Be sure to have a header comment for your function! Also, if you'd to add features, consider trying the extra credit, below...!
In this homework you will have the chance to familiarize yourself with the Racket programming language. Racket is considered a very "clean" language, with a minimal syntax: few punctuation and formatting rules. In fact some might argue it's too minimal! As a result, Racket is one of the best examples of a language whose focus is supporting computation itself, as opposed to intricate data structuring. In the first problem of this assignment you'll work through Racket's "Quick start" tutorial; in the second problem, you'll implement some mathematical functions in Racket, remind yourself about recursion, and reflect on a few running times... .
For this assignment, you will write (and test!) your Racket code in two files:
To log in to the submission site, use your login id, which you can look-up here. Use the default password at first. After you log in the first time, change it to something you'll remember.
You may submit your work multiple times -- only the file submitted latest will be graded, but all of them will be saved in case you or we need to access them for any reason. The submission site is a convenient way to access your latest copy of a HW assignment if you work on multiple computers.
Design and formatting account for roughly a quarter of the credit for each function or program you complete. Correctness, supported by careful testing of your code, accounts for the rest.
Design, here, means algorithm design, that is, how you break a problem down into smaller pieces and then compose those pieces into an overall solution. Large, convoluted functions are difficult to understand (and debug!). Use small, clear functions with lots of small helper functions, as necessary. Formatting includes coding style: clean and clear structure, meaningful variable and function names, ample use of spacing, and indenting that reflects code structure.
Here are specific formatting features the graders will look for:
As for commenting, in each assignment we ask you to include
Computation in the form of software is useful only to the extent that it works. But it only works (for sure) to the extent that it has been tested! Testing your own software thoroughly is important -- we use test cases to check how well your functions work, and you will certainly want to do the same!
It's impossible to programmatically guarantee that your code is correct. In fact, it's provably impossible to make such a guarantee! In practice, however, creating and running a set of tests for each of your functions, called unit-testing, is vital to producing useful, maintainable software. Unit testing is also a standard industry practice. In particular,
We will use Piazza for all Q&A in the class. You can ask questions that anyone in the class can answer, or (if you need to include code in your question) you can post a private question that only the Profs and Grutors will see.
Sign in to Piazza and check it out. If you have a question - post a question! If you can answer a question - answer a question!
Get to the Dr. Racket programming environment, either by downloading it to your personal computer or by using the CS lab.
On the CS department's Macs in BkB102 and BkB105, Dr. Racket can be found in the Additional Applications folder:
Once you have Racket running, go to the "Quick introduction" site:
The Racket quick-introduction site
which is a fun guide through a small piece of the language that uses images.

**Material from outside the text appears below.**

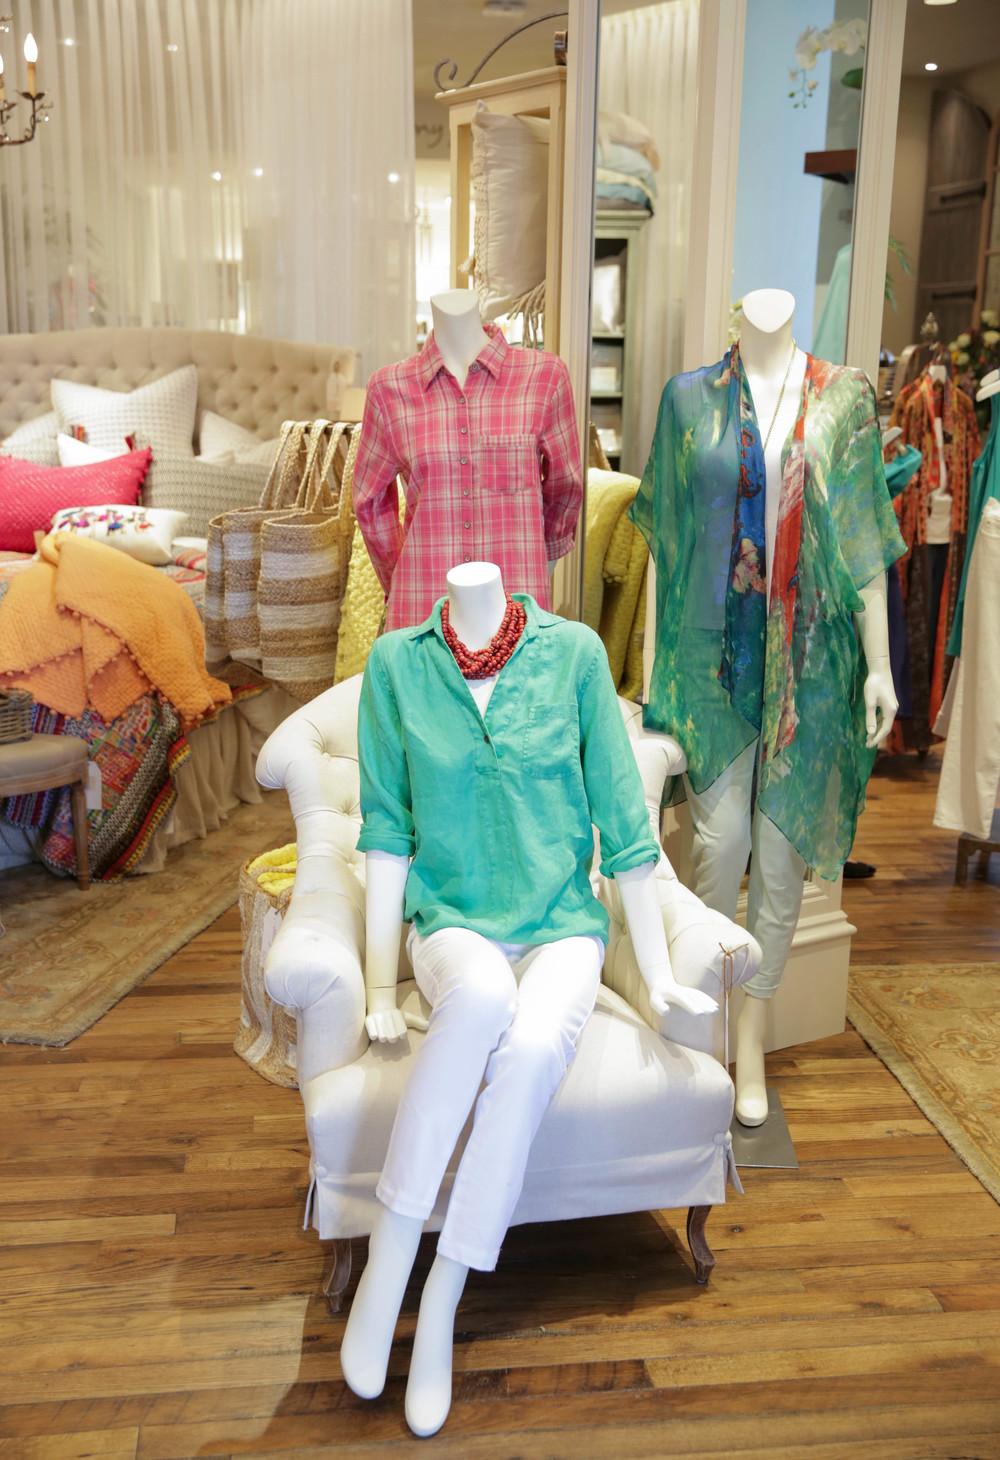 LaurenSchwaiger-Life-Style-Blog-Soft-Surroundings-Grand-Opening-Blakeney-Charlotte.jpg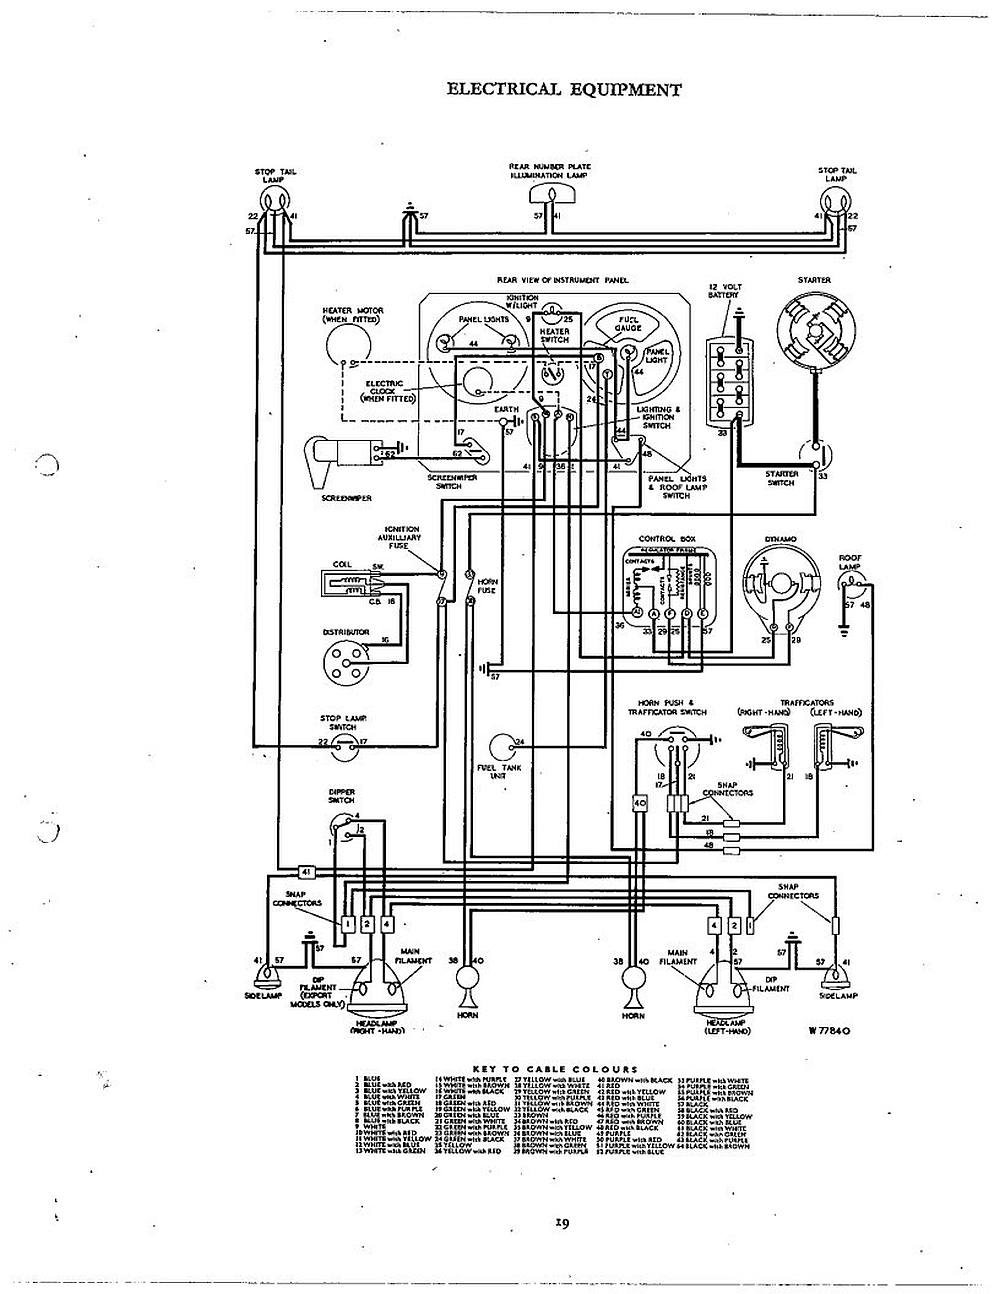 car wiring diagrams uk human leg bone anatomy diagram triumph service manuals vitessesteve mayflower

What to do Work your way through those examples, at least up to section 8.
Do NOT worry if things start seeming crazy as you get into the later sections -- or, perhaps, the whole time! This problem is to start getting used to learning new computational interfaces, and they always seem crazy at first! You won't learn everything at once, but start to keep a list of some questions you have about the Racket language.
We will examine the ideas in sections 6-8 in more detail next week. As for sections 9-11, they are Racket-specific, rather than CS-specific, and we won't use enough Racket in CS 60 to warrant worrying about those.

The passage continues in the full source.